For more information about the improvements made in the beef production lifecycle, go HERE.

Niche Market Beef

A lot of hulabaloo has been going on around the discussion of grain finished vs grass finished beef. People seem to think that grass finished beef is somehow more natural and environmentally friendly. Yet we know it takes about 226 more days for grass-finished cattle to reach market weight than grain-finished cattle. More days on grass may mean greater environmental impact.

Let’s look at the difference. Each pound of grain-finished beef requires:

  • 45 percent less land;
  • 76 percent less water; and
  • 49 percent less feed;

And generates:

  • 51 percent less manure; and
  • 42 percent fewer carbon emissions.

So it would seem to me that grain finishing is more environmentally sound. For more on that, click HERE.

Meatless Monday

Just the idea of it makes me cringe. What would possess someone to avoid meat just because of alliteration? Why not increase beef intake and call it Meaty Monday? Because some fool out there thought it would be healthy and better for the environment to cut meat from your diet just one day a week. Were they right? Of course not. Let’s examine the idea:

First, we know that beef is nutritious and a vital part of a healthy, well-balanced diet. Refresh yourself with my post, if you must.
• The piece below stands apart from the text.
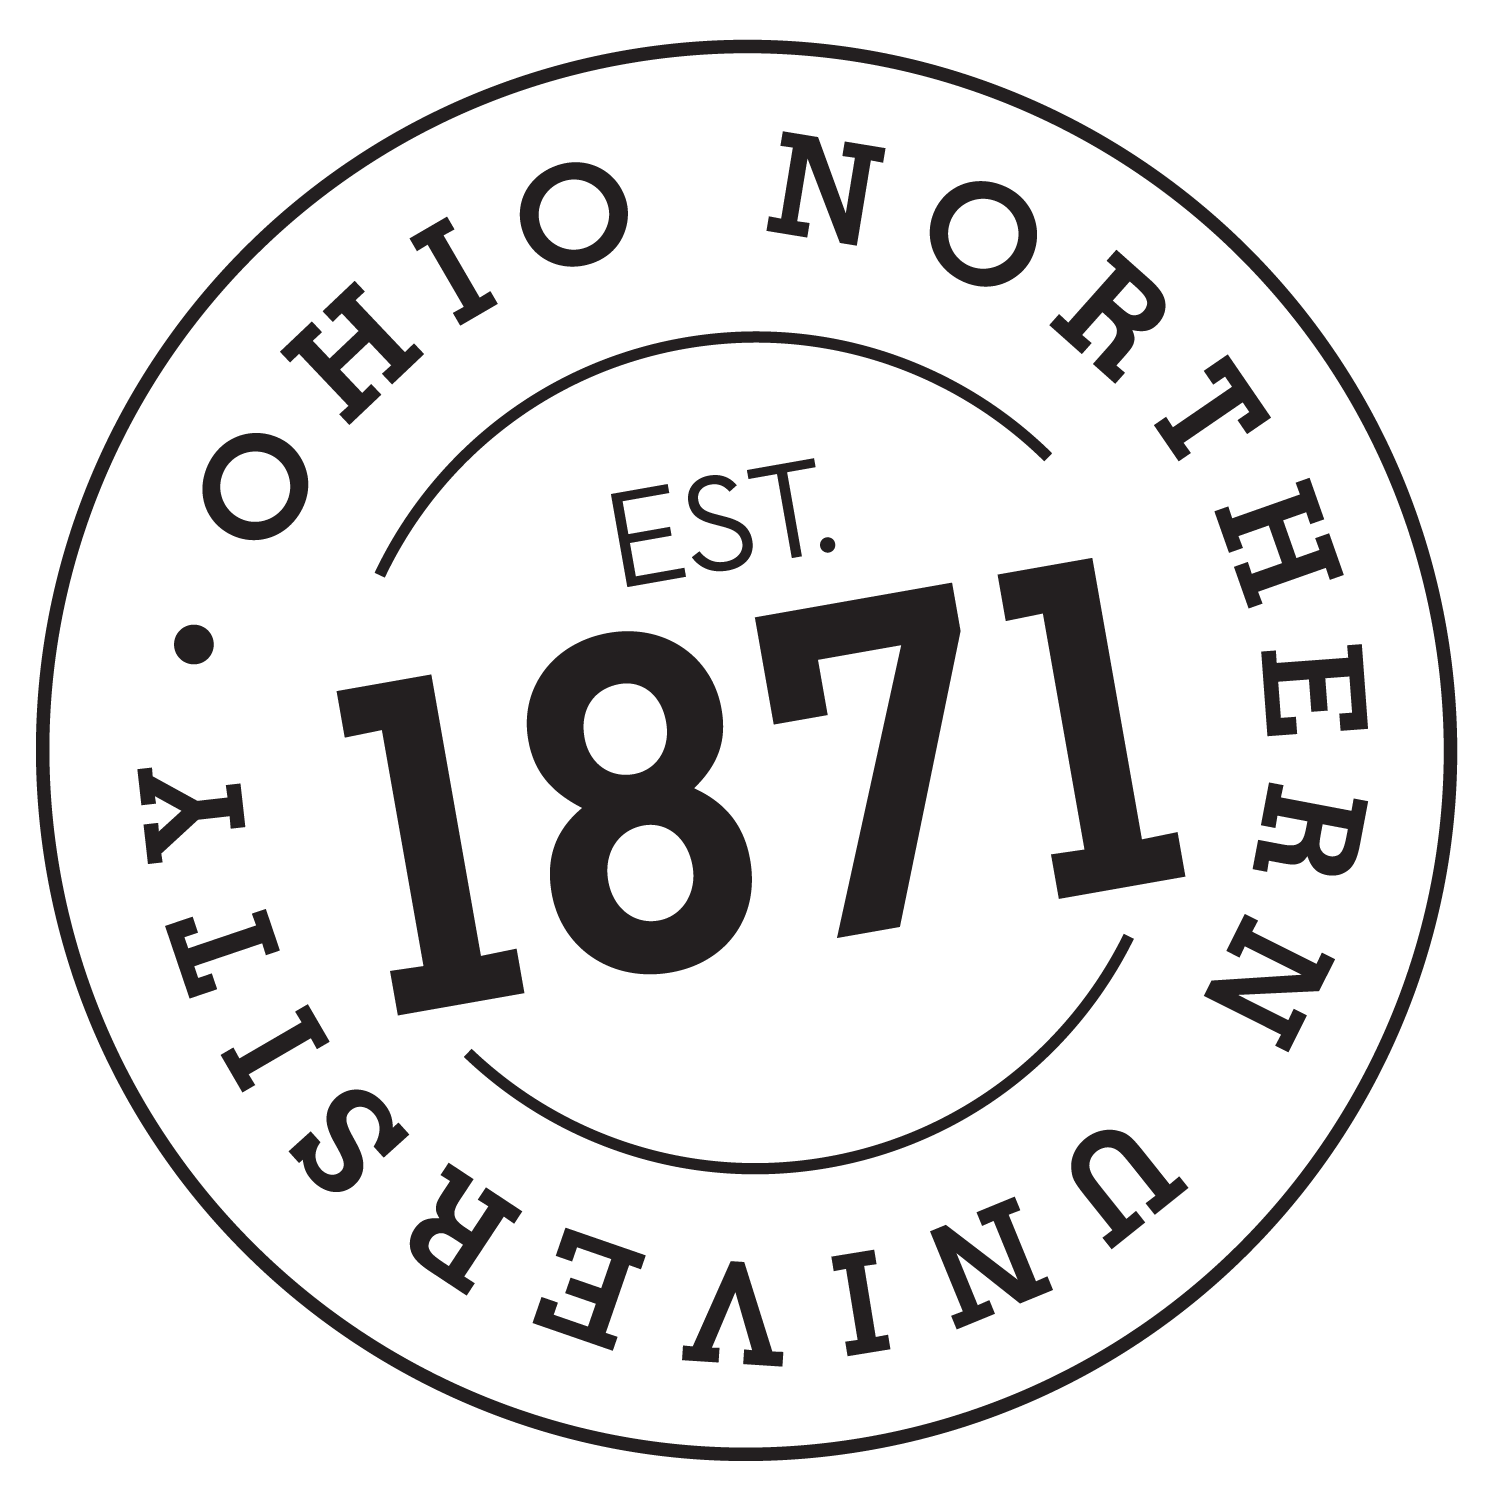 Ohio Northern University Established in 1871

As for the environment, “Meatless Monday” would have a very small impact even if every American followed it. One meatless day per week would account for less than one half of one percent of the U.S. carbon footprint. For more on that, check out THIS LINK.

Nose to Tail

Are we, as a society, wasting any part of the animal? Not really.

First, you’ve all noticed some of the shit I’ve been eating lately at fine dining establishments: Oxtail stew, blood sausage, bone marrow, tripe, and all sorts of offal or “variety meats.”

bone marrow with fried oyster
bone marrow with fried oyster

There is a readily identifiable trend in the food biz where chefs want to use the entire animal, from nose to tail, to reduce waste and elevate their cuisine by offering on their menus the proteins that used to be relegated to the impoverished.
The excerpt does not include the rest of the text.